The data below is to be written out exactly, with no pictures.

===== Information provided =====

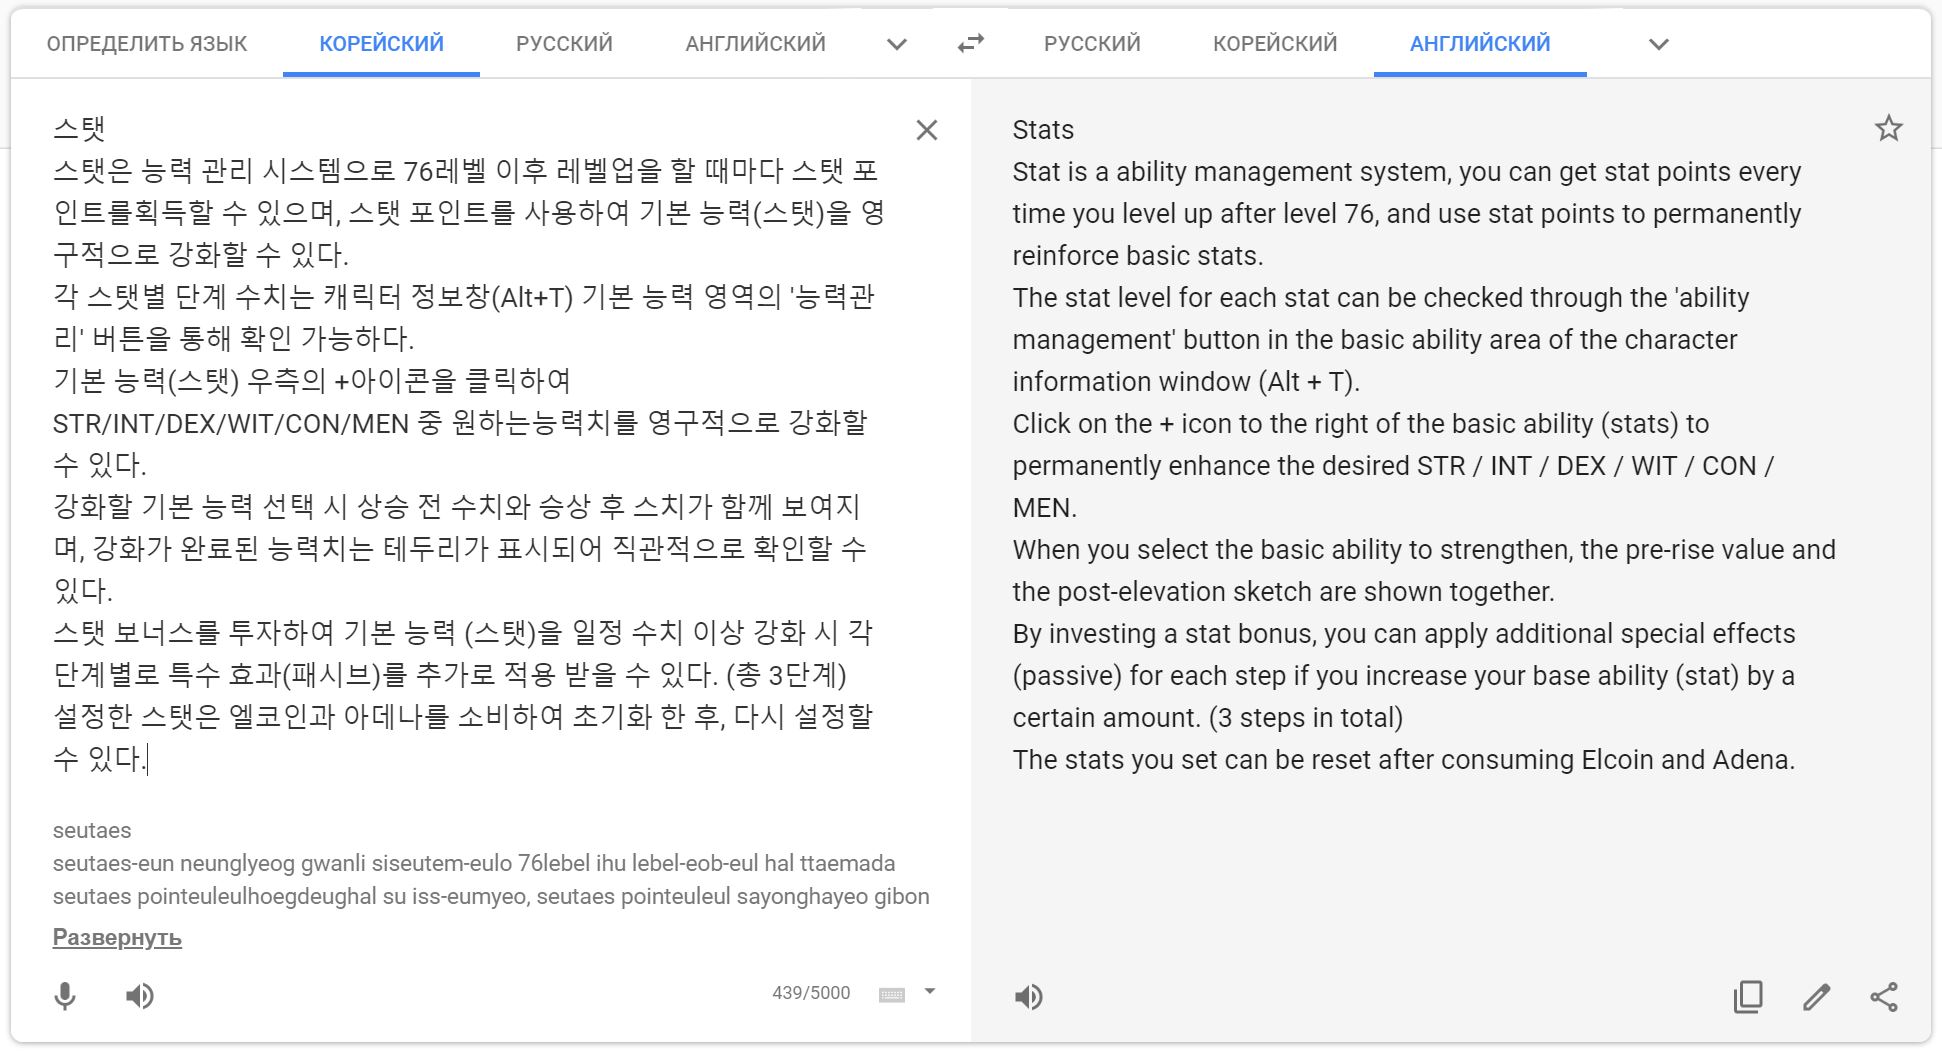 Перевод с корейского языка на английский язык через Google Translate кингуру
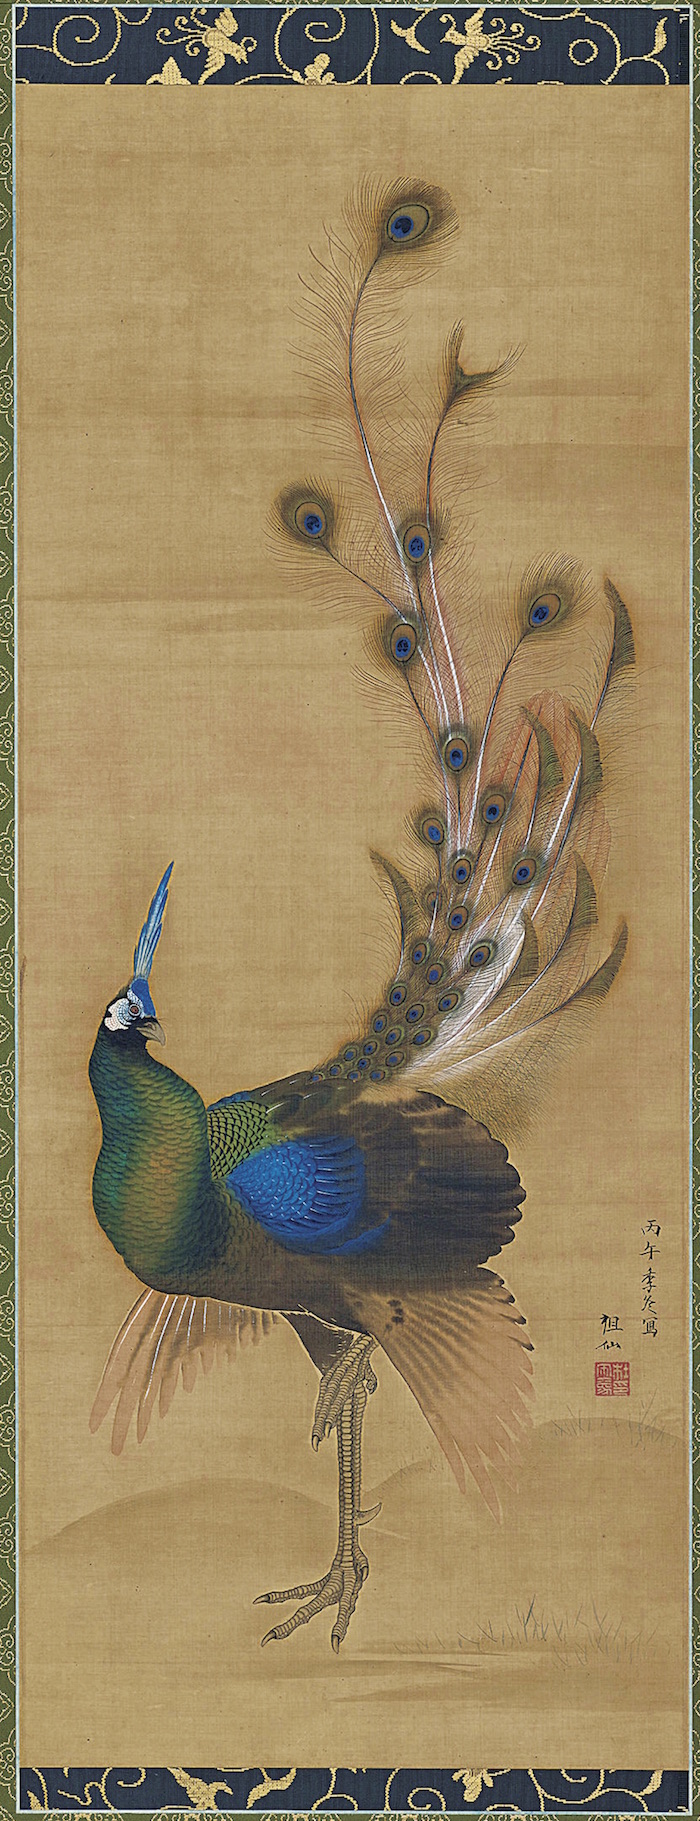 江戸時代絵画の画題でもあった神秘の鳥 孔雀 から生まれたハイジュエリー 和樂web 日本文化の入り口マガジン
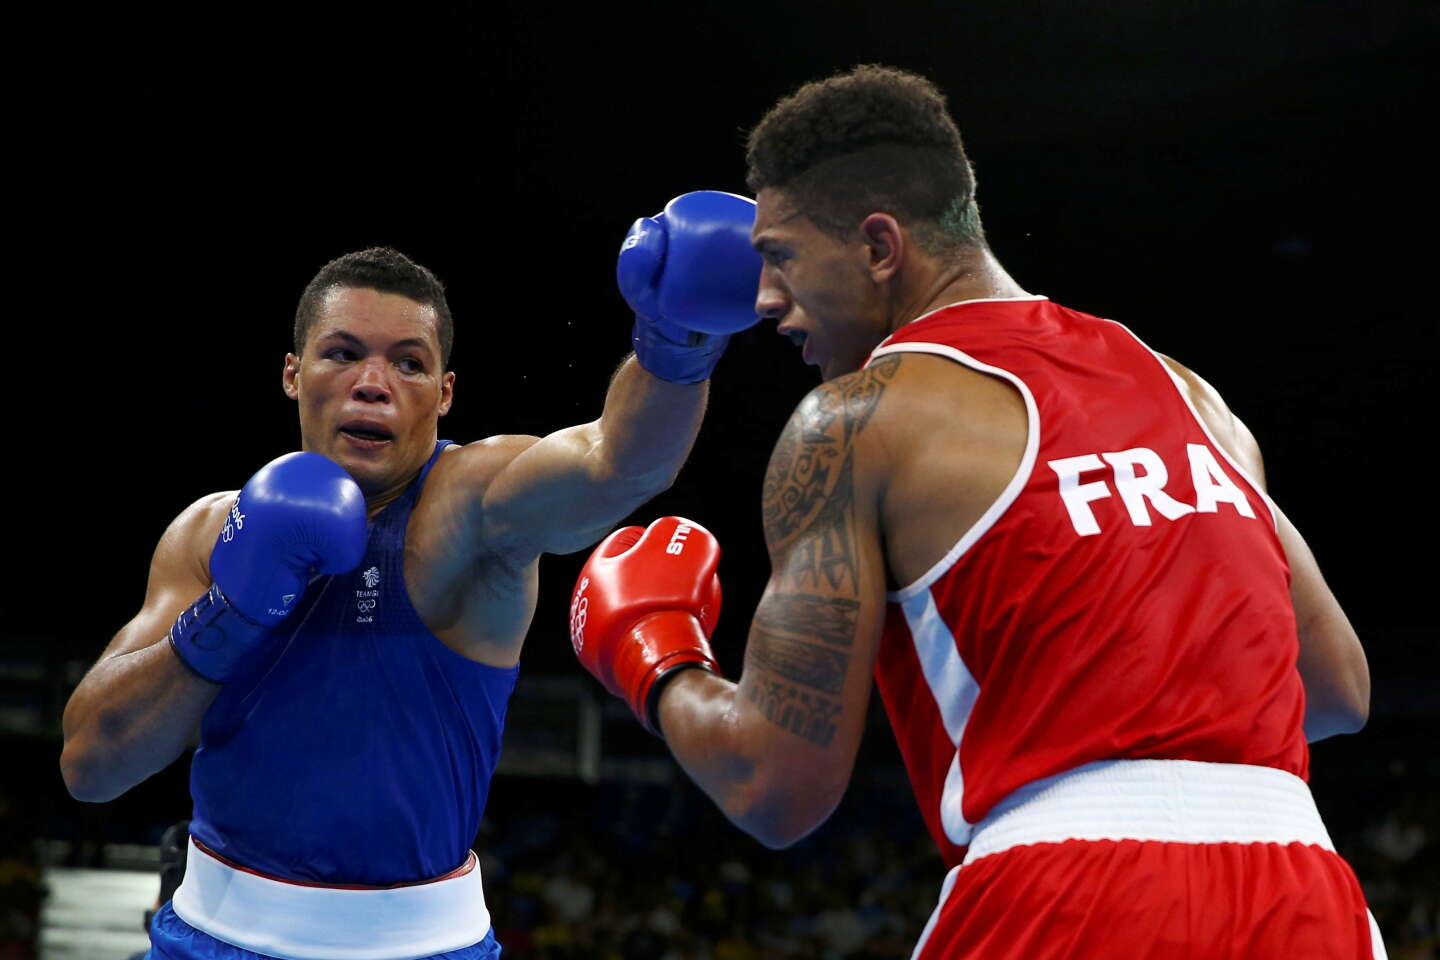 Boxe olympique vs boxe professionnelle : Quelles sont les
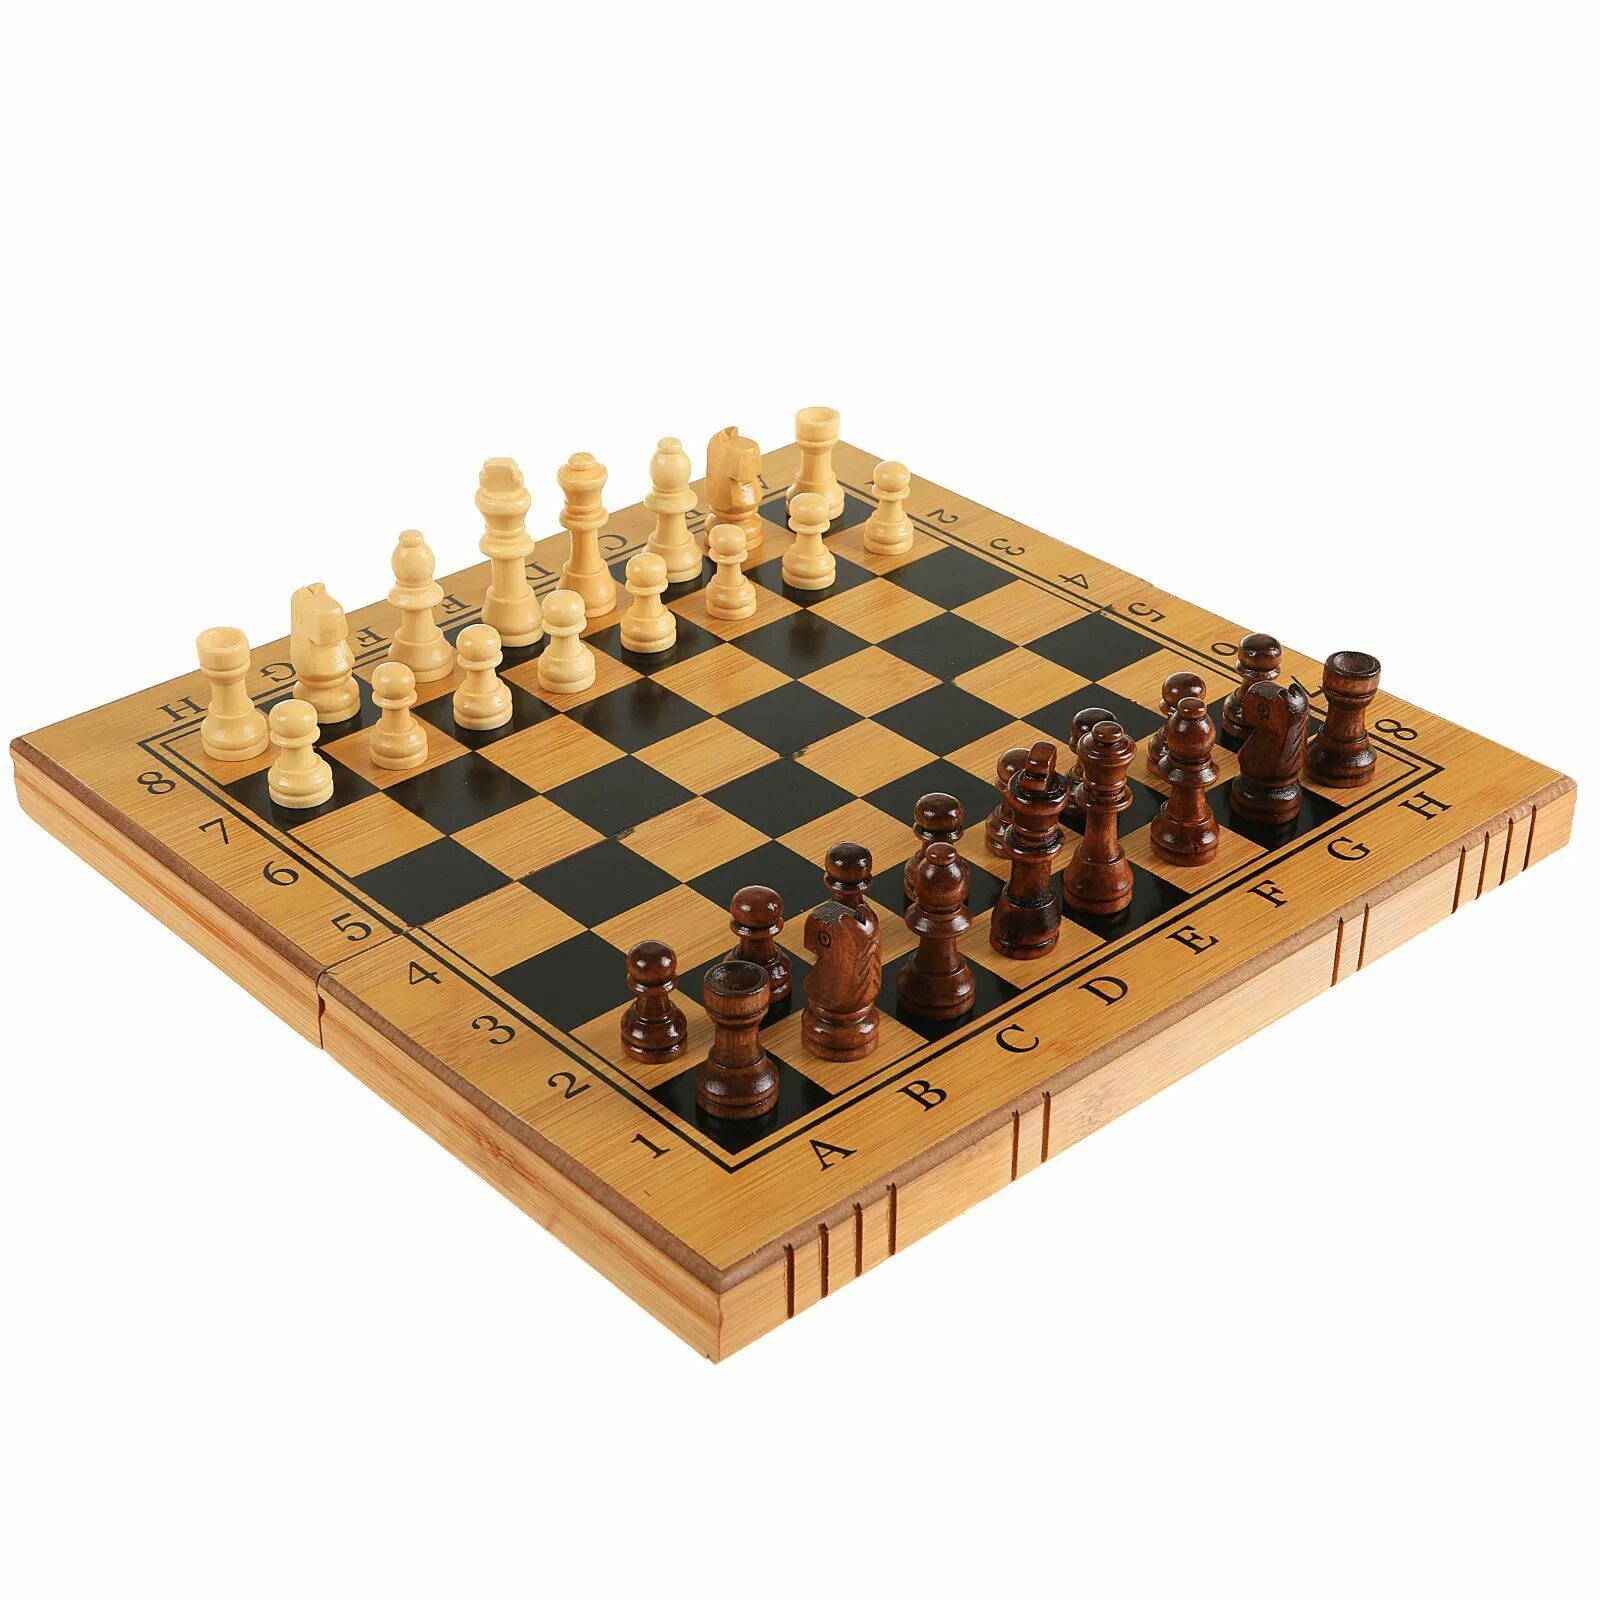 Нарды шашки играть. Набор 3в1 (шахматы, шашки, нарды) в2412. Набор игр 3 в 1 (шашки, шахматы, нарды) дерево, 34х34 см. Рыжий кот 3в1 шашки шахматы. Набор игр 3 в 1 шашки шахматы нарды.
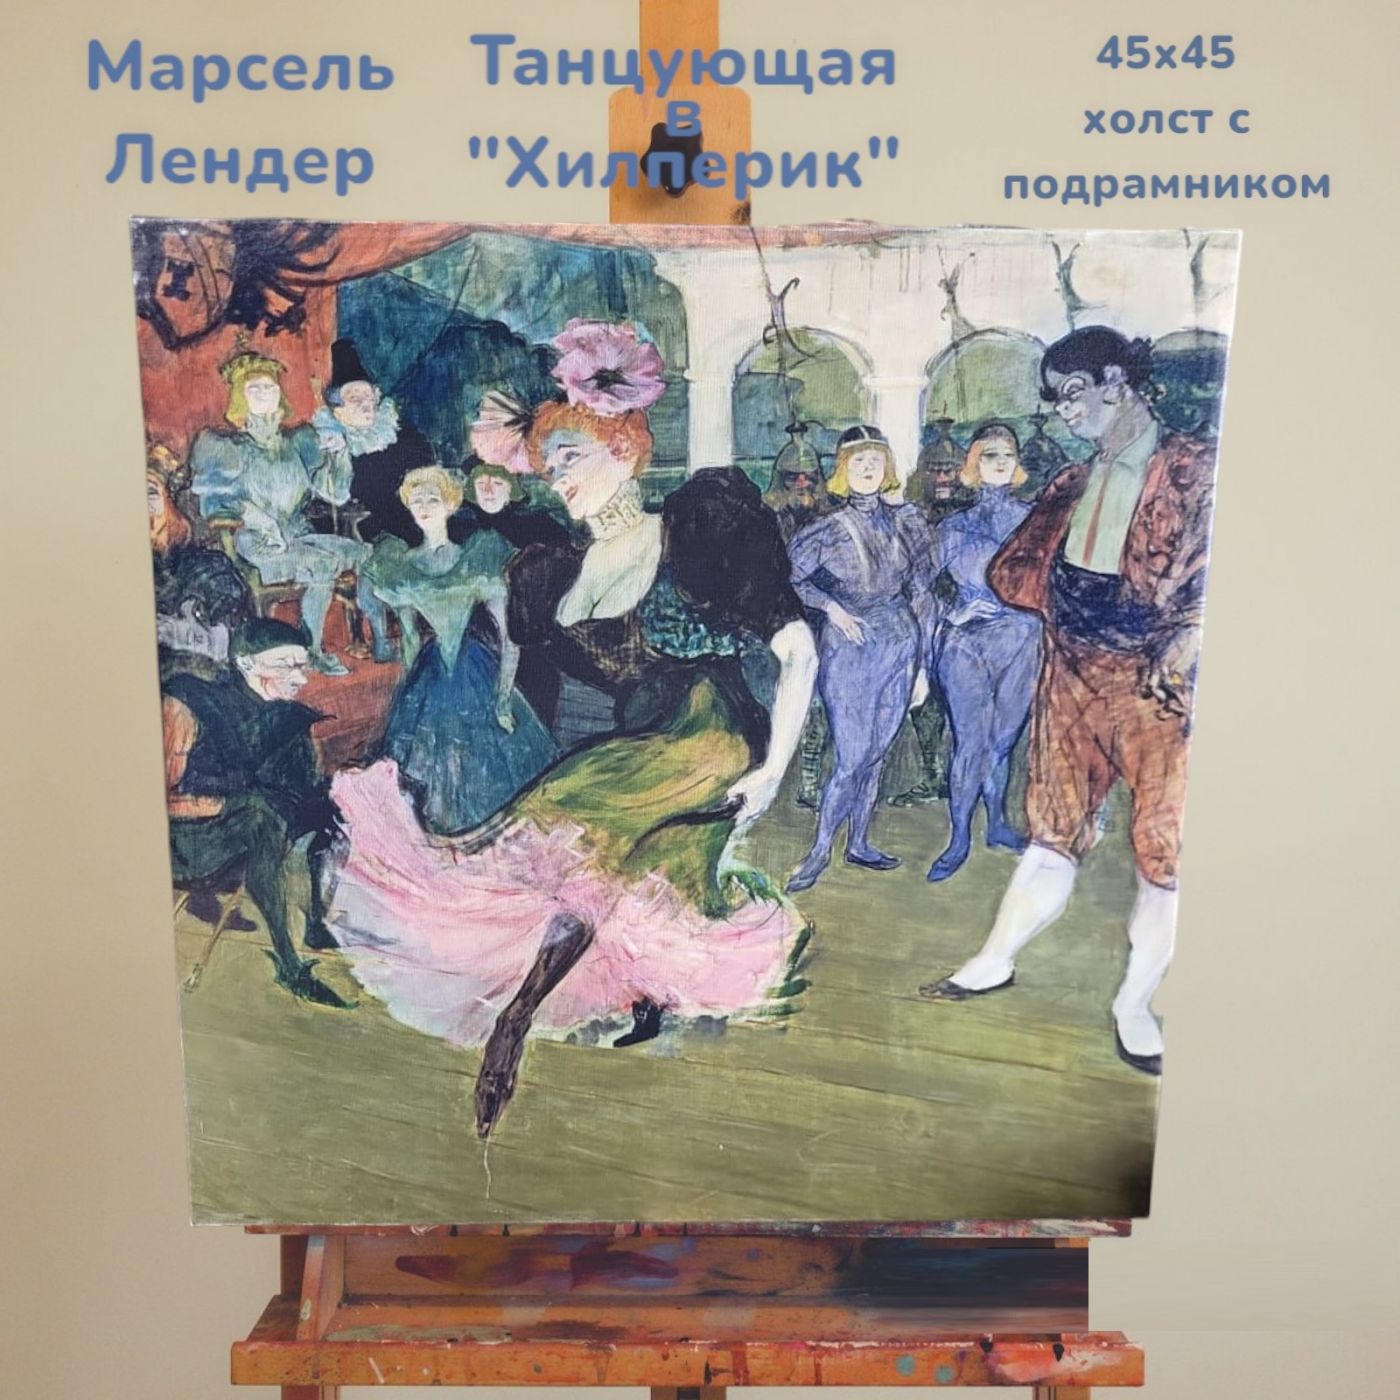 Холст с подрамником репродукция картины Марселя Лендера "Танцующая в Хильперик" 45х45

=====

__Output__
 Перевод с корейского языка на английский язык через Google Translate кингуру
 江戸時代絵画の画題でもあった神秘の鳥 孔雀 から生まれたハイジュエリー 和樂web 日本文化の入り口マガジン
 Boxe olympique vs boxe professionnelle : Quelles sont les
 Нарды шашки играть. Набор 3в1 (шахматы, шашки, нарды) в2412. Набор игр 3 в 1 (шашки, шахматы, нарды) дерево, 34х34 см. Рыжий кот 3в1 шашки шахматы. Набор игр 3 в 1 шашки шахматы нарды.
 Холст с подрамником репродукция картины Марселя Лендера "Танцующая в Хильперик" 45х45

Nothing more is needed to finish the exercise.